PQSDC: a parallel lossless compressor for quality scores data via sequences partition and run-length prediction mapping
- PMID: 38759114
- PMCID: PMC11139522
- DOI: 10.1093/bioinformatics/btae323
PQSDC: a parallel lossless compressor for quality scores data via sequences partition and run-length prediction mapping
Abstract
Motivation: The quality scores data (QSD) account for 70% in compressed FastQ files obtained from the short and long reads sequencing technologies. Designing effective compressors for QSD that counterbalance compression ratio, time cost, and memory consumption is essential in scenarios such as large-scale genomics data sharing and long-term data backup. This study presents a novel parallel lossless QSD-dedicated compression algorithm named PQSDC, which fulfills the above requirements well. PQSDC is based on two core components: a parallel sequences-partition model designed to reduce peak memory consumption and time cost during compression and decompression processes, as well as a parallel four-level run-length prediction mapping model to enhance compression ratio. Besides, the PQSDC algorithm is also designed to be highly concurrent using multicore CPU clusters.
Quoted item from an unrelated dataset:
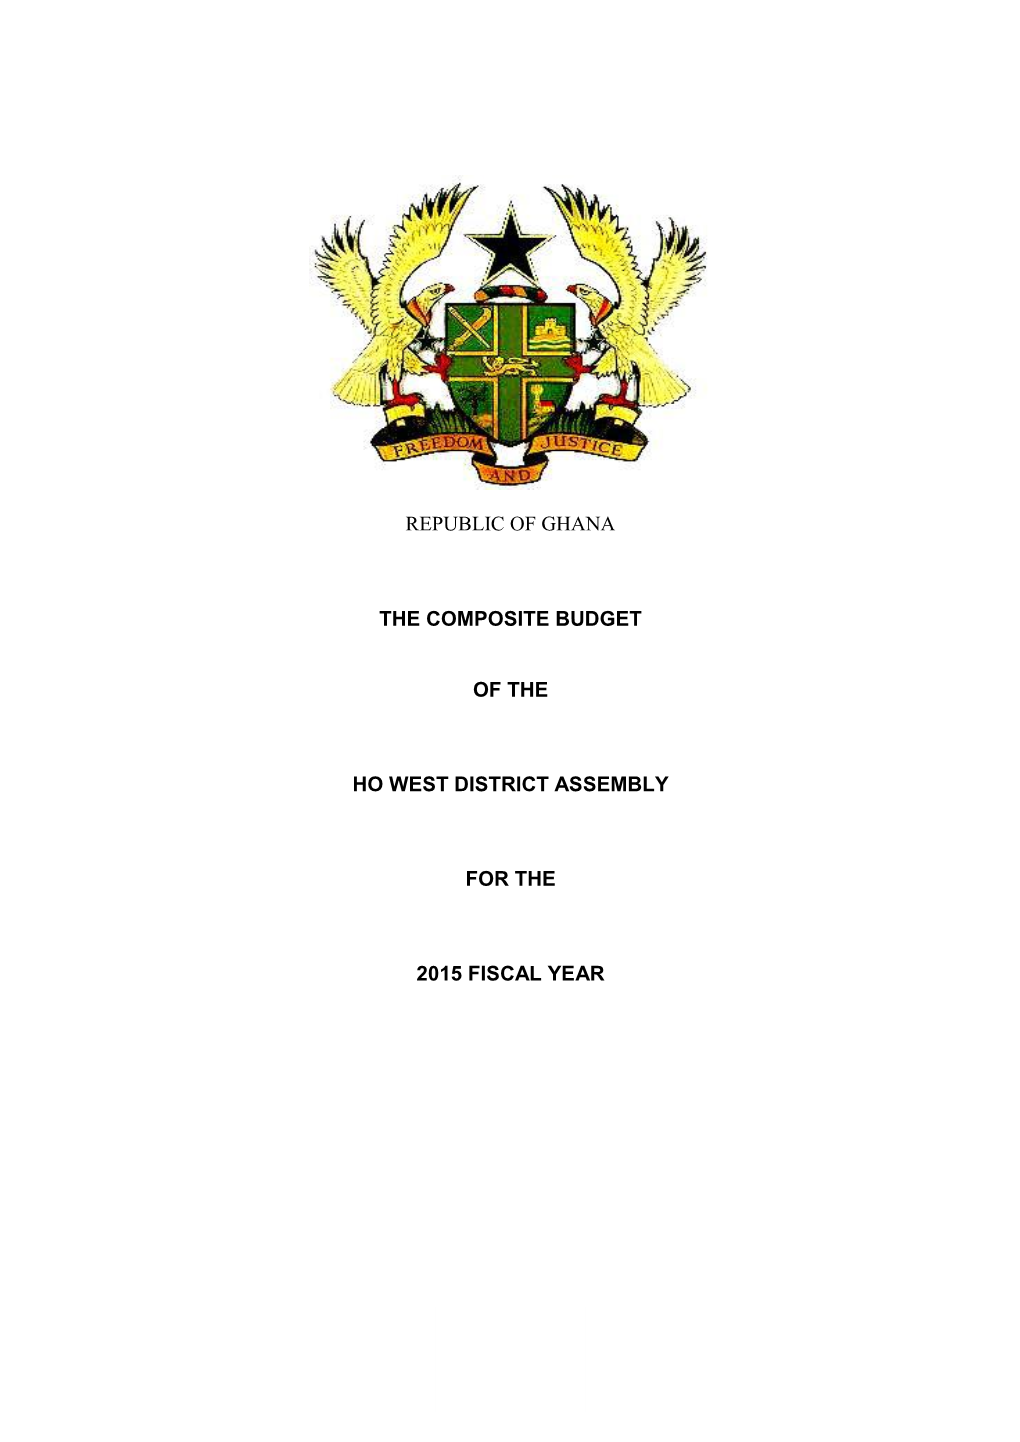 Republic of Ghana the Composite Budget of the Ho West District

Results: We evaluate PQSDC and four state-of-the-art compression algorithms on 27 real-world datasets, including 61.857 billion QSD characters and 632.908 million QSD sequences. (1) For short reads, compared to baselines, the maximum improvement of PQSDC reaches 7.06% in average compression ratio, and 8.01% in weighted average compression ratio. During compression and decompression, the maximum total time savings of PQSDC are 79.96% and 84.56%, respectively; the maximum average memory savings are 68.34% and 77.63%, respectively. (2) For long reads, the maximum improvement of PQSDC reaches 12.51% and 13.42% in average and weighted average compression ratio, respectively. The maximum total time savings during compression and decompression are 53.51% and 72.53%, respectively; the maximum average memory savings are 19.44% and 17.42%, respectively. (3) Furthermore, PQSDC ranks second in compression robustness among the tested algorithms, indicating that it is less affected by the probability distribution of the QSD collections. Overall, our work provides a promising solution for QSD parallel compression, which balances storage cost, time consumption, and memory occupation primely.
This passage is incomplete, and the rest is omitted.